OK - I'll admit that the Spandex and hair styles are somewhat bemusing to look back at - but that's just the visual thing, the 70's had the hair without the hairspray and huge flairs and platform shoes - the 60's started with the squeaky clean suits and ended with the non gender style of pyschedelia.

I actually prefer the 80's music to today's guitar driven stuff - it's mostly dark at the heavy end and 'look what a virtuosso I am' at the more melodic end - bit dull for the most part at least in the mainstream - there are of course some shining lights as there have been in every decade. But nothing that whips up a smile quite like the ' say cheese' of those nutty eighties.

Of course I was young, single and gigs were plentiful in the 80's ..... girls in spray on denims and white ankle boots might have something to do with it I guess!
 
I still love the music I grew up loving (being 52 now, I have seen some awesome decades) and am glad to say I still find new bands I enjoy today. Some of the bands I went to see as a teenager as STILL touring to sold out venues... guys, that means they were touring when many of the young guys touring now weren't even born. That's awesome.

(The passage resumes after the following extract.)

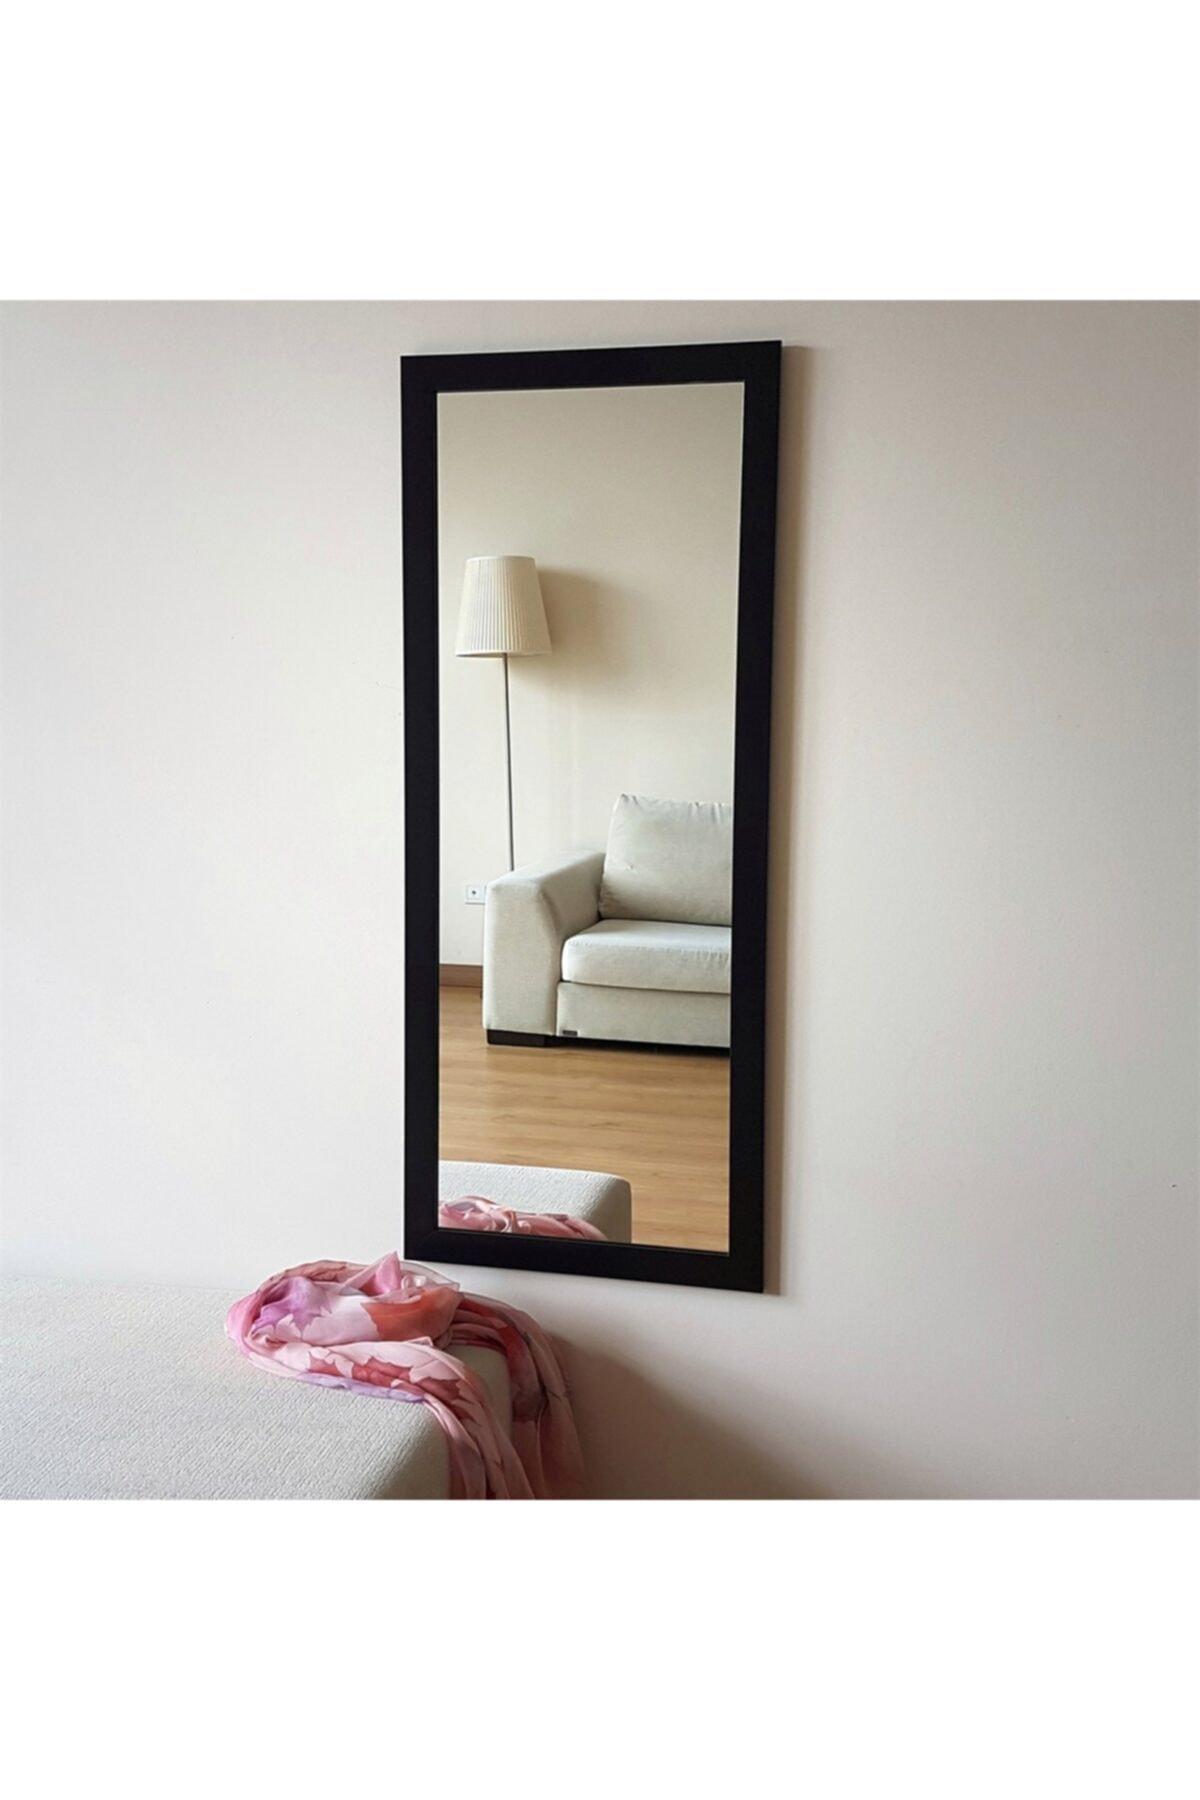 NEOstill - Siyah Dekoratif Ayna 45x110 Cm A205 1

I don't hate today's music. I certainly admit that there is a lot of it I don't get, all the anger and negativity, but I'm sure somebody gets it. Hell, there were a lot of the bands I didn't get back then either... I thought Bowie was a lunatic when I first saw him and laughed at Sting's voice in Roxanne. Shows what I knew, right? It took a while to grow on me, and I became a real fan of both of them as they (and I) developed. The 80s (and every other era) had a lot of fluff, but it had a lot of great music and musicianship too. Who cares if people don't get it? I did then, and do now.

Long live live music!
 
I think because people didnt experience it as it happend, just like I didnt "get" the hippy movement (born in 70). There was a time when you dropped the needle on a record and sit there scratching your head how someone made that sound (my experience when I first heard VH1). Kids nowdays have way too many options. There were some great players back then.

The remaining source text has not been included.